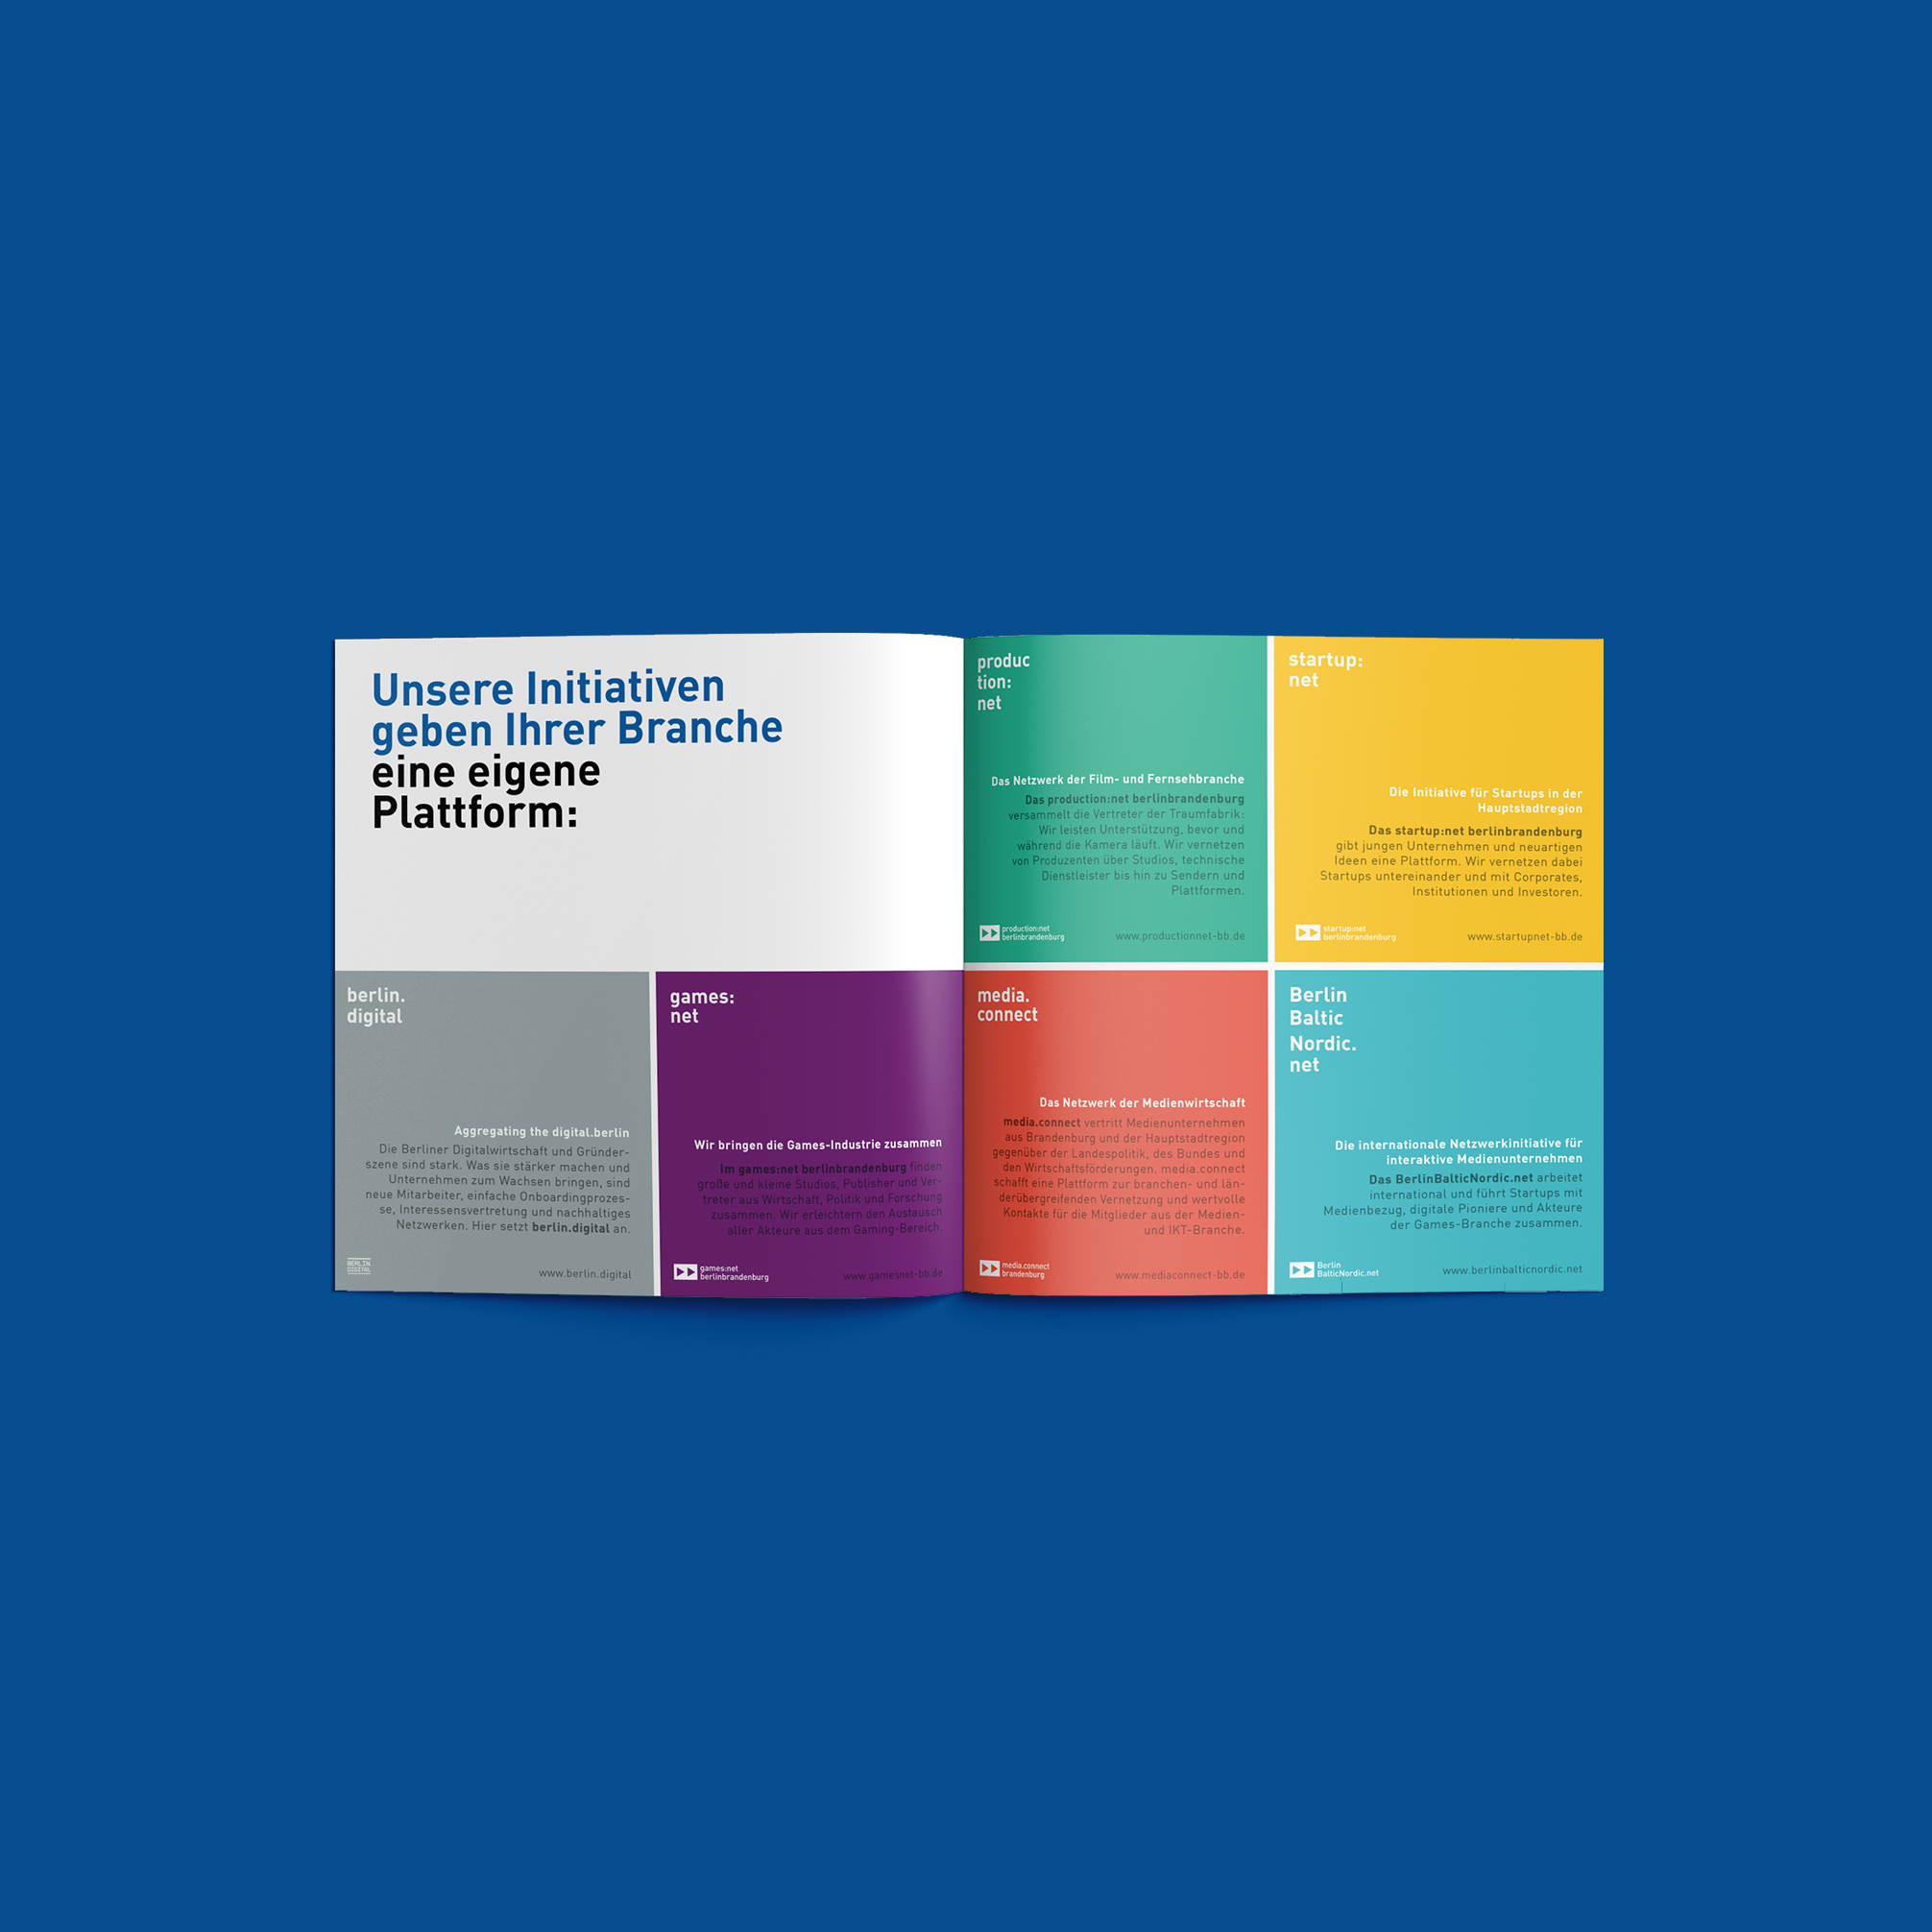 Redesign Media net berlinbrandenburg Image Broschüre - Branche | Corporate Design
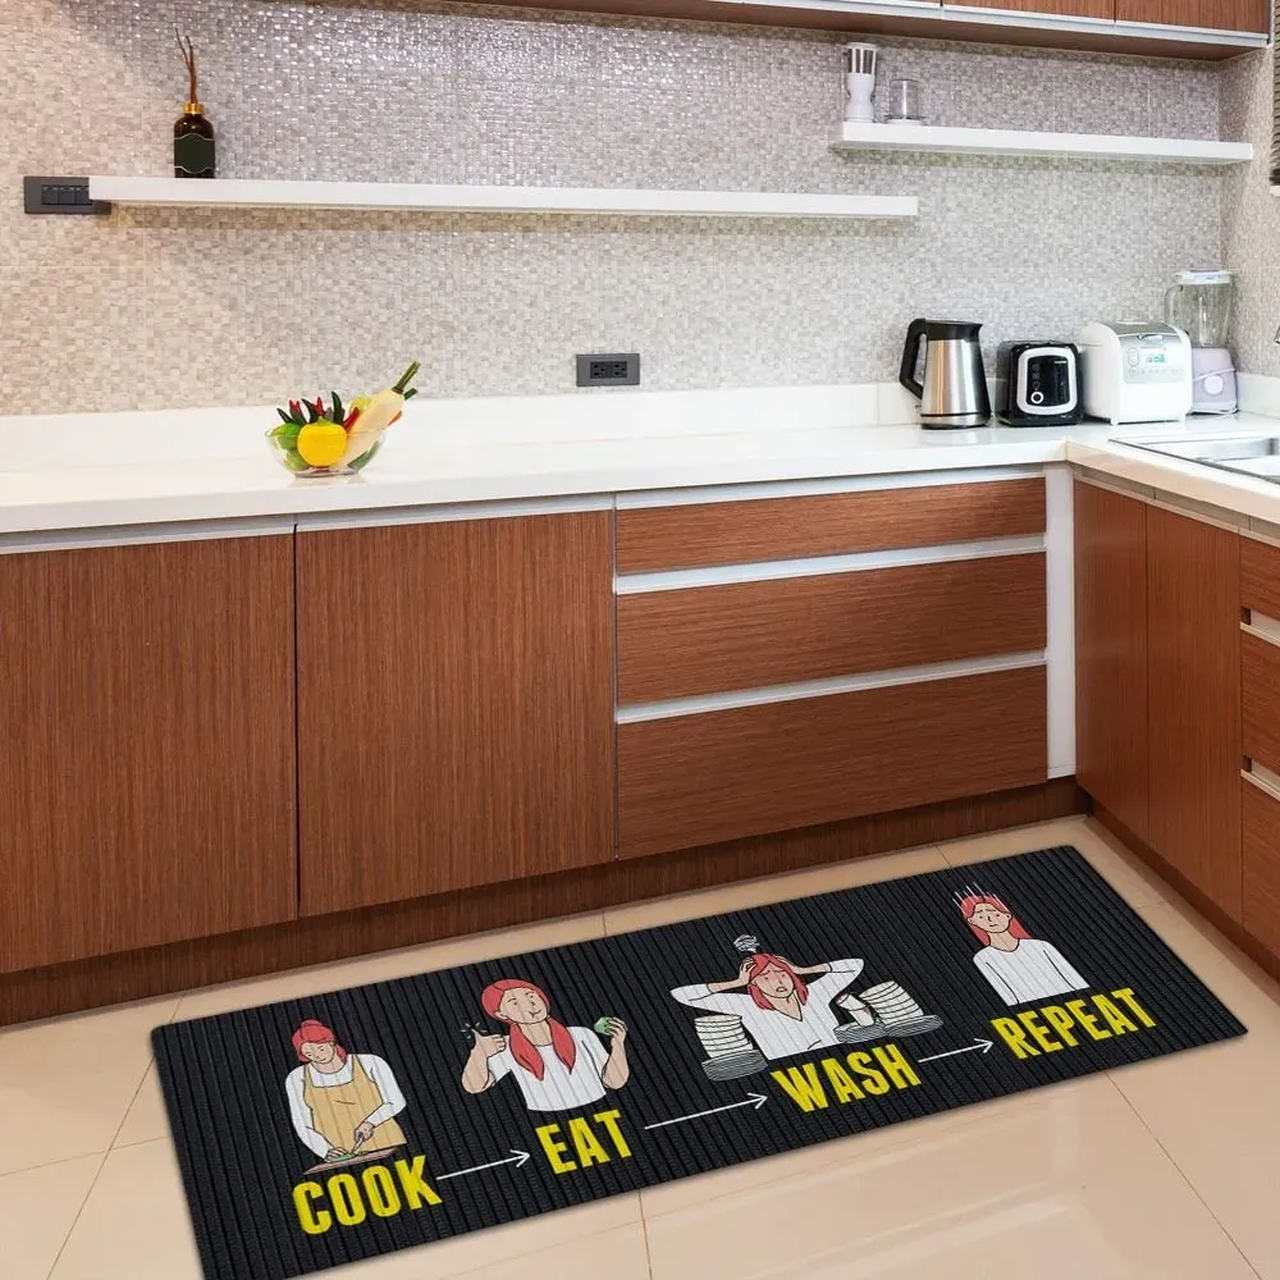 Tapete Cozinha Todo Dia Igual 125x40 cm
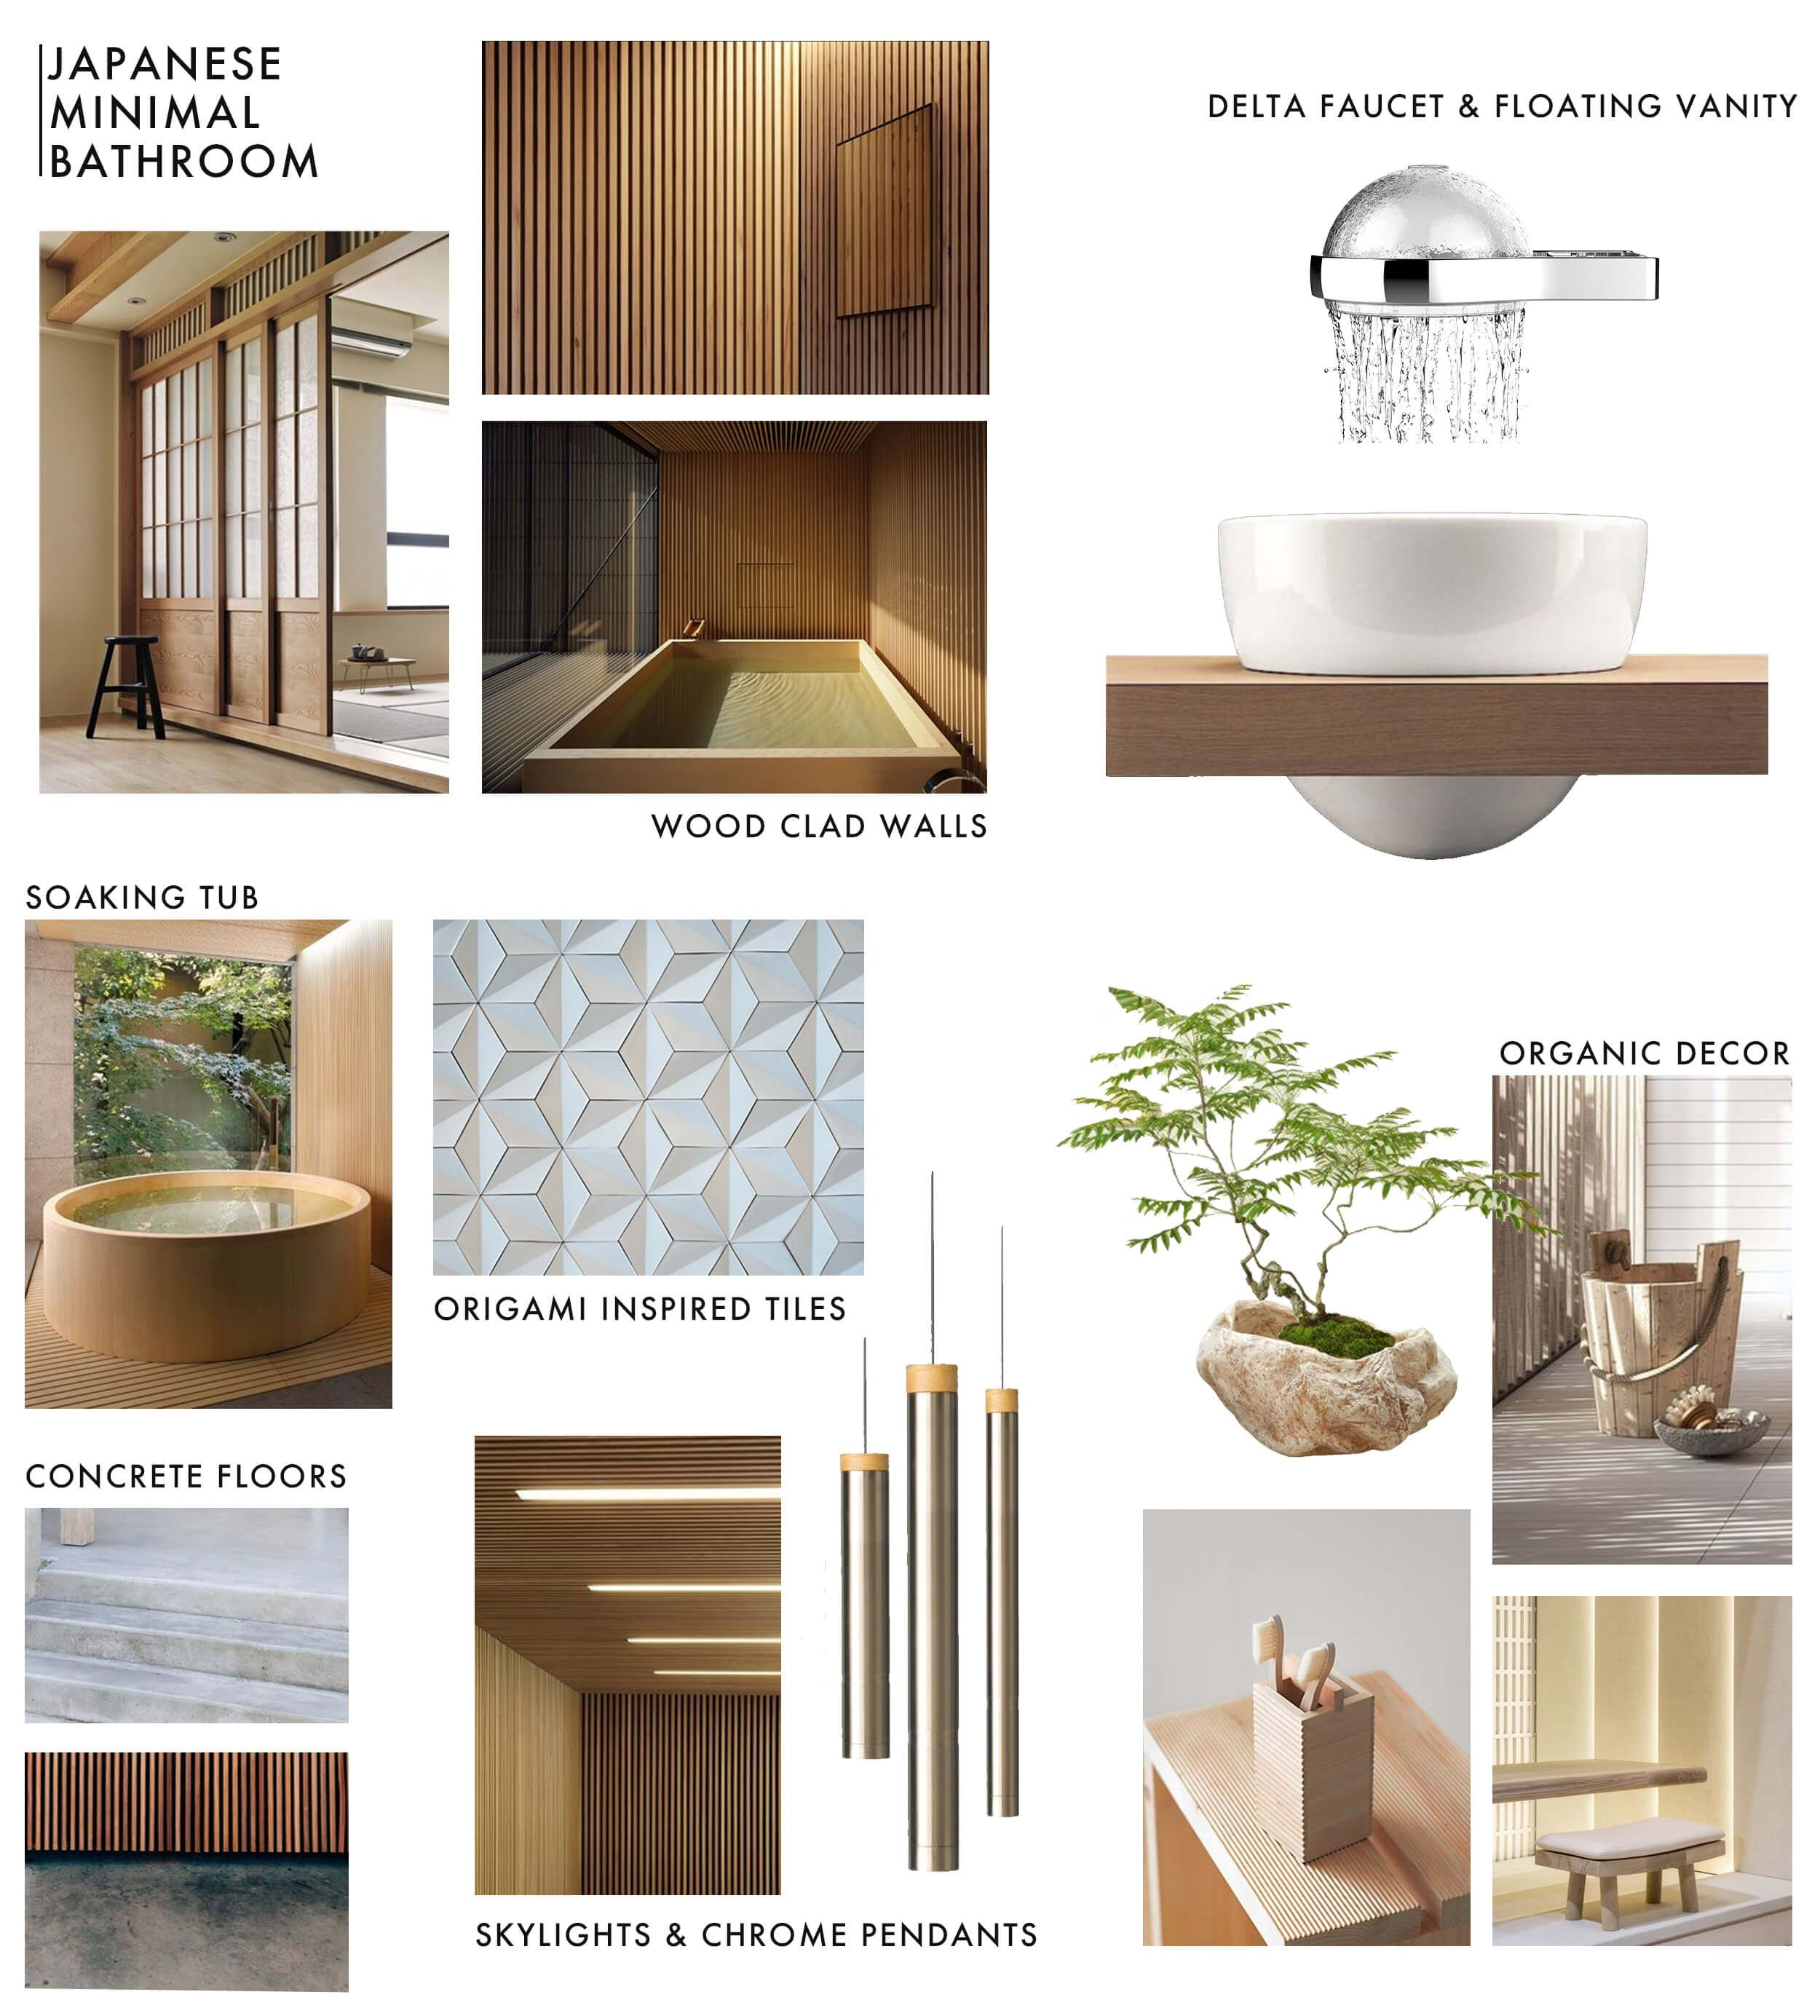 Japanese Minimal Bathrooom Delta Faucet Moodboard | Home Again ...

** Task instructions **
Set down the material once more, exactly, with the pictures omitted.

** Exercise output **
 Redesign Media net berlinbrandenburg Image Broschüre - Branche | Corporate Design
 Tapete Cozinha Todo Dia Igual 125x40 cm
 Japanese Minimal Bathrooom Delta Faucet Moodboard | Home Again ...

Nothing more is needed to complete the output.